Малер описывает творческий акт как акт самосознания, «благодаря чему он, с одной стороны, возвышается и, с другой стороны, выступает как требование, предъявляемое к нравственной сущности человека»580. Но творческий рост души для австрийского композитора заключается в не противоречащем христианским ценностям «стремлении личности ввысь», в упражнении в прекрасном и добром. Объясняя свою позицию, Малер обращается к «Фаусту», где Гёте выстраивает бесконечную лестницу символов: «от гомункула – еще не ставшего – через многочисленные энтелехии низшего и высшего порядка... вплоть до Mater gloriosa, которая является олицетворением вечно женственного»581. Для Ницше же юношеские филологические штудии по Феогниду положили начало своеобразному пониманию «доброго» как благородного, что исключило из его смысловых обертонов сострадание. «Немужественность того, что окрещивается именем «сострадания», по-моему, постоянно и прежде всего бросается в глаза. – Нужно воздвигнуть жесточайшее гонение против этого новейшего рода дурного вкуса; и я желал бы в конце концов, чтобы люди носили как средство против него и в сердце, и на шее прекрасный амулет «gai saber» – или, говоря яснее для моих соотечественников, «веселую науку»582.

580 Указ. соч. С. 643.

581 Указ. соч. С. 646.

582 Ницше Ф. Сочинения.

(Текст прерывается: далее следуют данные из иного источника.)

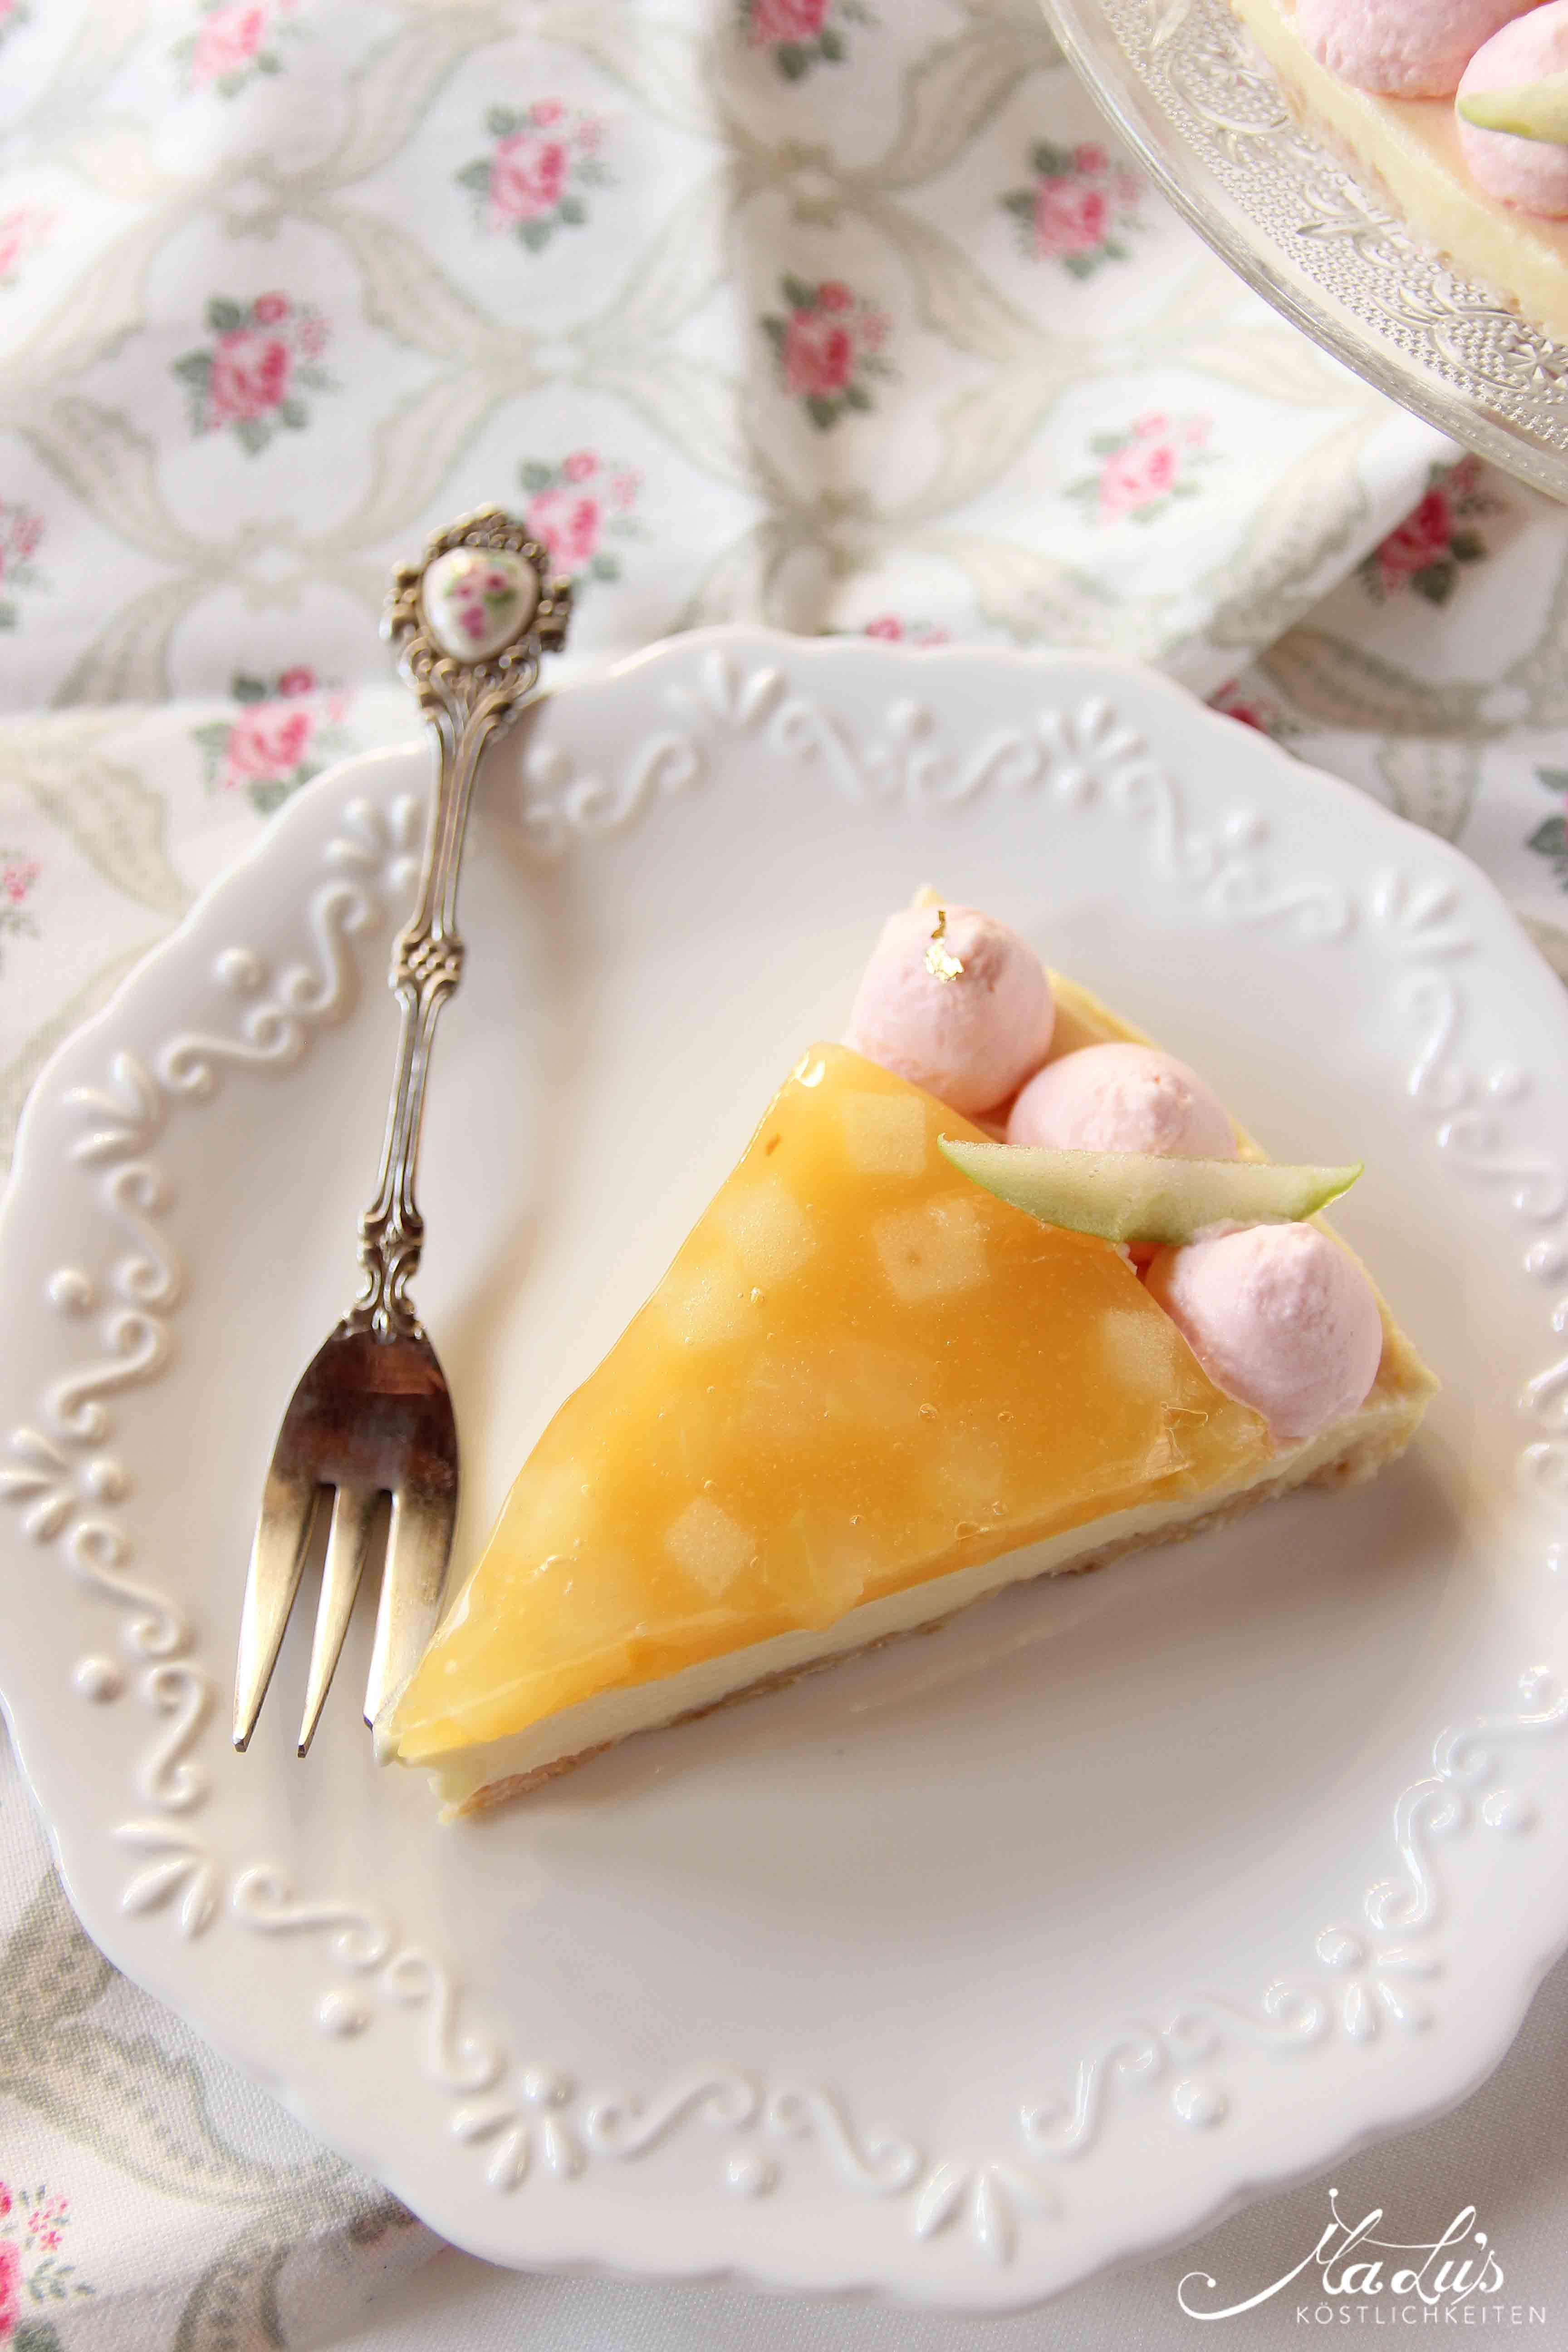 Fantastik Cheesecake Apfel – Quitte

Т. 2. С. 402.


2.4 Проблема сверхчеловека в зарубежной музыке XX века (на примере оперы Ф. Бузони «Доктор Фауст»)

История культуры есть цепь уравнений в образах, попарно связывающих очередное неизвестное с известным, причем этим известным, постоянным для всего ряда, является легенда, заложенная в основание традиции, неизвестным же, каждый раз новым, – актуальный момент текущей культуры.

Б. Пастернак

Жизнь итальянского композитора-неоклассика Ферруччо Бузони (1866 – 1924), композитора и блестящего пианиста, автора виртуозных фортепианных транскрипций, связана в большей степени не с Италией, а с Северной Германией и ее молодой столицей, где, по словам С. Цвейга, «отсутствие коренных традиций многовековой культуры толкало молодежь на дерзания»583. С 1920 года Бузони возглавил класс композиции в берлинской Академии искусств; после его смерти класс вел А. Шёнберг. Композиторы-новаторы обоснованно связали свою деятельность с Германией. После первой мировой войны искусство переживало здесь небывалый расцвет: в музыке, наиболее непосредственно обращающейся к человеческим чувствам, воображению искали ответ на вопрос о будущем человечества. Желание обновить строй жизни, подогретое острыми социальными коллизиями, вызвало состояние эмоционально-интеллектуальной возбужденности и интерес к смене художественных впечатлений. А. Луначарский, посетивший Германию в 1926 году, писал об этом так: «страна потрясена вся сверху донизу; почти ни у кого не осталось незыблемых убеждений; в большей или меньшей мере ищут все; отсюда –

583 Верхозина-Стрекаловская X. Диалоги в постромантическую эпоху (Бузони – Шёнберг – Пфицнер) // Музыкальная академия. 2004. №4 – 5. С. 176.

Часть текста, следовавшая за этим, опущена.